I've just been told, I'm the one who's being unreasonable....
Nope she’s gaslighting and manipulating you again. I don’t know how long the notice you gave her was but half it, hell even quarter it. If she argues, halve it again. Do not give into the parasitical bully.
DartmoorDoughnut · 27/11/2020 14:27

Tell her MN says fuck off

rottiemum88 · 27/11/2020 14:27

@foxyroxyyy

Doesn't matter if you're being reasonable or not. It's YOUR house.

Tell her to get the fuck out. Don't speak to her again for her month notice if you have to. Fuck her silly cow

This. Get her out!
TheStripes · 27/11/2020 14:28

@Amy3030

I've just been told, I'm the one who's being unreasonable....
A simple reply saying you are sorry she feels that way but the matter is not up for discussion and she refer back to you previous message that she must vacate. After that, just ignore.
Aerielview · 27/11/2020 14:28

Your home is your castle. Give her notice, and give it now - TODAY! Have her out by Christmas if you can, so you can enjoy Christmas your way in YOUR home.

MellowYellow101 · 27/11/2020 14:28

Also change your door lock when she moves out incase she copies a key and decides to come back when you're away to steal stuff

justicedanceson · 27/11/2020 14:28

You are not being unreasonable. But say you were, say every single person on this forum is completely unreasonable. It doesn’t matter because it’s your house. So she is perfectly entitled to think that (and frankly who knows what is going on in her mind!), you can’t control it. You can and must control your own home.

fastwigglylines · 27/11/2020 14:29

@Amy3030

I've just been told, I'm the one who's being unreasonable....
She thinks you're being unreasonable?
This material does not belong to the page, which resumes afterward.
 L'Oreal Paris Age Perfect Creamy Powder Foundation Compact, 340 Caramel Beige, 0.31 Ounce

Tough shit. it's your house, you can be as unreasonable as you like (not that you are).

The law is on your side here.

Does she understand she has to go?

duckinatruckwithmuck · 27/11/2020 14:29

What a bitch. Tell her to get the duck out. Agree with others, ask a friend to come round if needed. The champagne thing has pissed me off on your behalf but you now have a story for all those CF threads!
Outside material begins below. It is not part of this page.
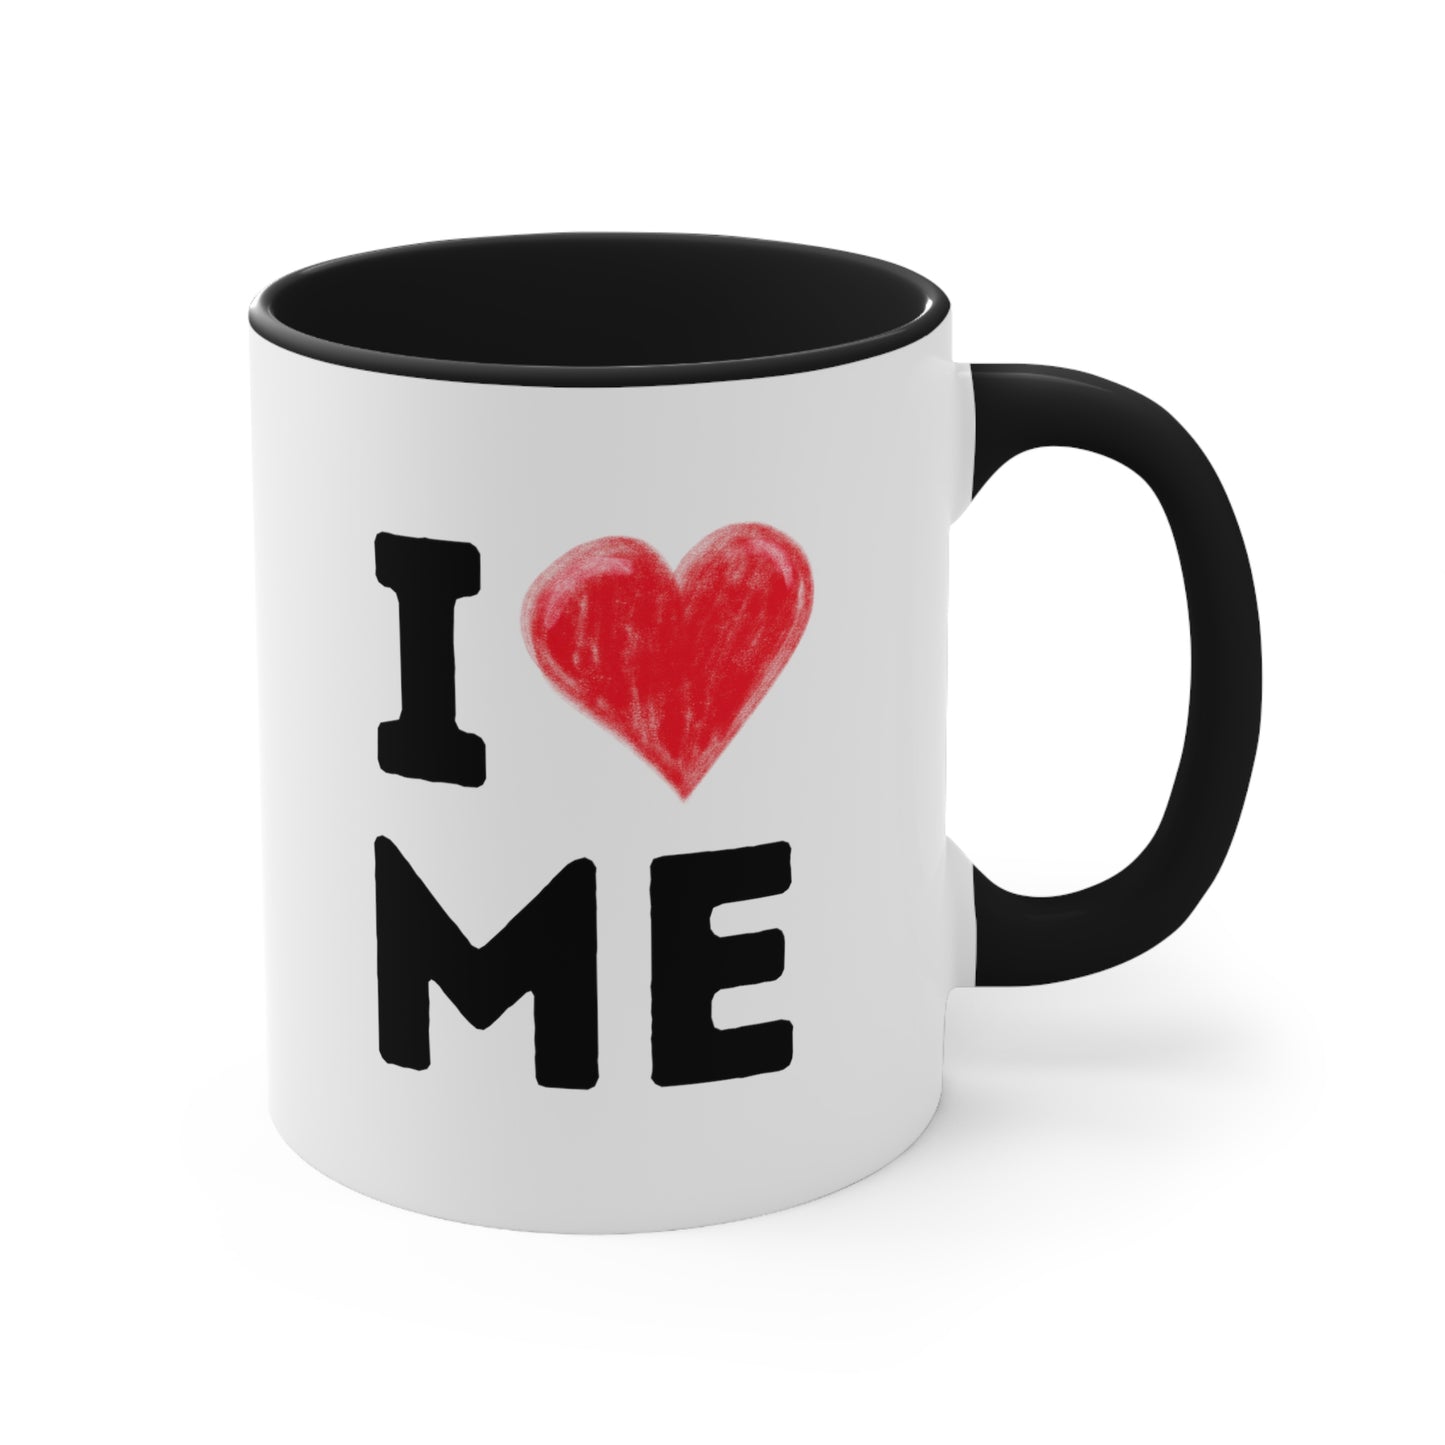 I Love Me Coffee Mug

FoolsAssassin · 27/11/2020 14:29

@Amy3030

I've just been told, I'm the one who's being unreasonable....
I was a disgusting human being apparently . Ignore it and just keep going and get her out.
TheStripes · 27/11/2020 14:29

She can put her belongings into storage and hire an Airbnb, both with immediate effect. So giving her minimal notice isn’t unkind and it’s a risk any lodger takes, especially a gaslighting thieving one.

fastwigglylines · 27/11/2020 14:29

@GoodbyePorpoiseSpit

You have two options lodger: You can be polite to me and leave under the terms we have discussed with both of us on good terms, or you can pack up your stuff and leave immediately.
This.
EveryDayIsADuvetDay · 27/11/2020 14:29

@Amy3030

I've just been told, I'm the one who's being unreasonable....
By the CF? - of course she thinks that - reclaim your home. However much notice you gave her, if she is going to be argumentative, shorten the notice period, it's not a negotiation. She should be able to get an airbnb or hotel quickly in the current climate; I can't imagine that she has many friends she could stay with.
AldiAisleofCrap · 27/11/2020 14:30

Everything is unreasonable except this And she takes baths twice a week, using 36 ltrs of water instead of a shower , using just 6ltrs. have you measured your bath?